All that day they toiled on their way, across rocky ridges and through deep, shadowy ravines filled with a tangle of twisted vines, fallen trees and impenetrable thickets of saw-grass, thorn trees and cactus, and though the Indian always chose the easiest way, he was obliged to hack a pathway with his machete for mile after mile.
They camped that night in a narrow, sheltered cañon, dining on a wild turkey the Indian secured, and with weary limbs resumed their journey at dawn. They had now left the river far behind and despite the Indian's statements that he knew the stream's whereabouts and would work back towards it as he proceeded, the boys and Dr. Woodward began to have misgivings. It seemed impossible to them that any one could maintain any sense of direction in this wild, broken mountainous country, but they trusted implicitly to Joseph and followed his lead. If anything, the way was even more difficult than on the day before. The jungle was thicker, the hillsides steeper. Slipping, sliding and stumbling down the sides of the ravines, picking their way across sharp, flinty ridges and fording trickling streams of icy cold mountain water, they trudged onward. Sore, scratched, bruised and utterly tired out, they crept into a tiny cavern in a rocky cliffside for the night, and from the temperature of the air, which made the boys shiver as they huddled over the fire in the cave, Dr. Woodward judged that they were at a very high altitude.

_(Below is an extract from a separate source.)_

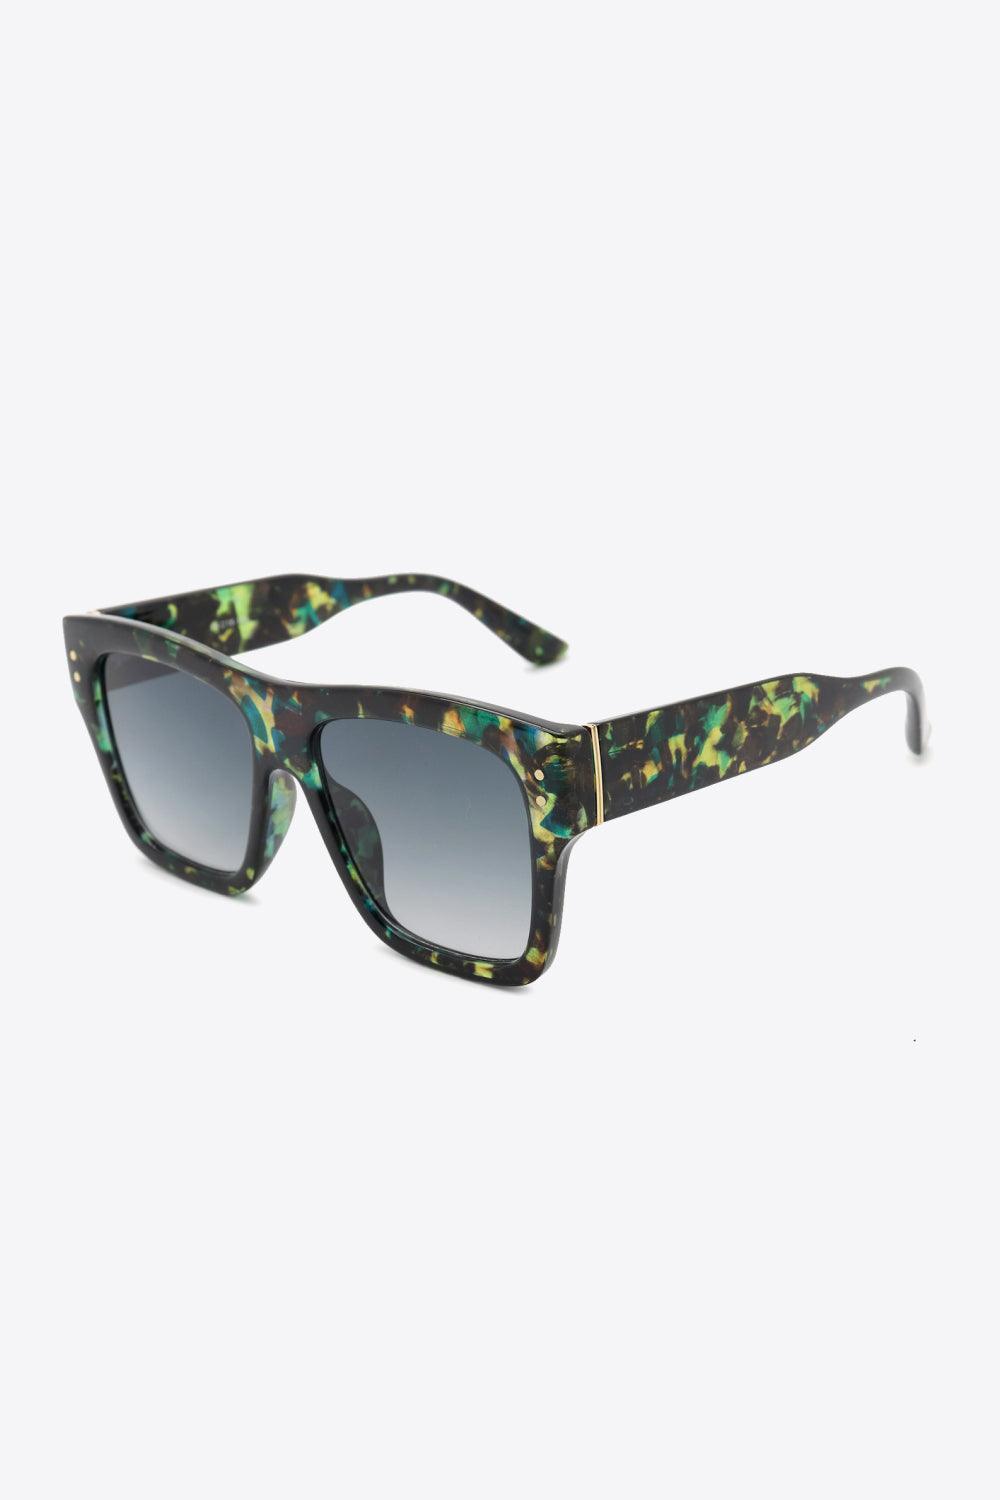 Secure Fit Patterned Square Polycarbonate Sunglasses - MXSTUDIO.COM
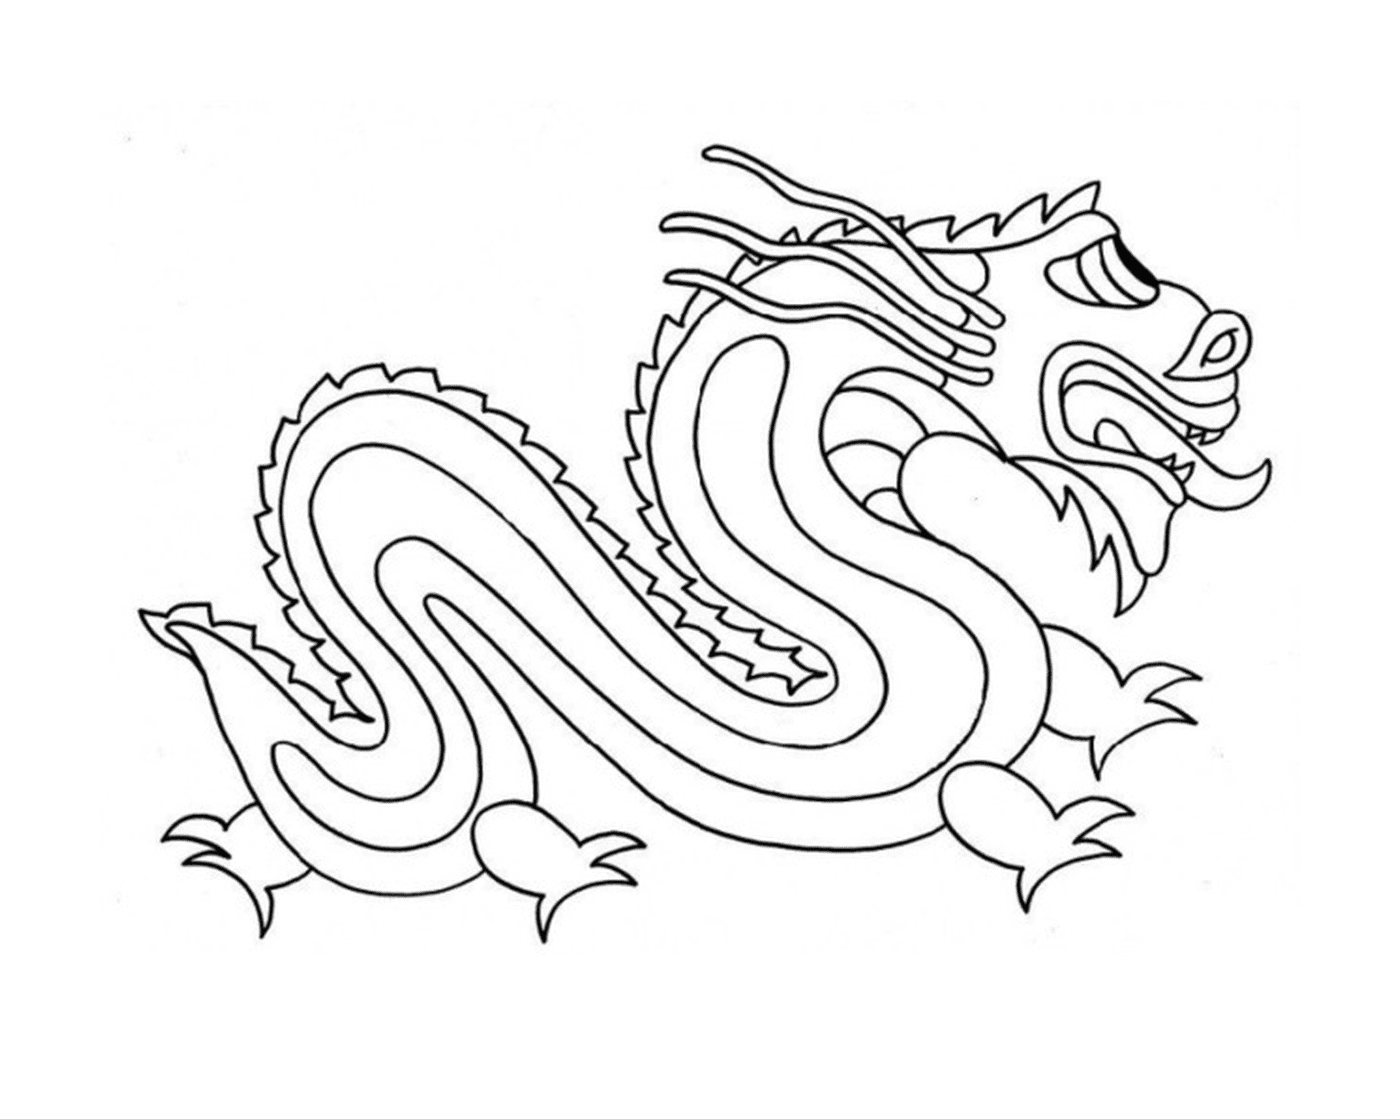  सरल तथा आसान चीनी ड्रैगन

"I think we're at the very summit of the plateau or the mountains," he declared. "That's encouraging. If it is so, tomorrow we shall begin descending and the chances are all in favor of finding the river navigable."
And to the boys' delight they found, when they started on their way the following morning, that the scientist had been right. It was still rough, broken country, but mostly downhill, and every hour the air became warmer, the forest more open and the bare rocks and ledges fewer. By nightfall they were again in the forest of huge trees, dripping with moisture, reeking with the dank smell of decaying vegetation and with no hint of chill in the air. The country too was almost level, and on the next morning, the Indian swung to the right towards the distant river, confident that they would find the stream navigable. Throughout the forenoon they kept on, the land rising gradually in an easy slope, and lunch was eaten in a park-like forest of great trees, their trunks forming aisle-like vistas filled with soft shadows, and their limbs draped with lianas and flowering vines. Here there was no underbrush, no dense jungle, and over the soft carpet of damp earth and rotting leaves the party resumed their journey after their midday meal.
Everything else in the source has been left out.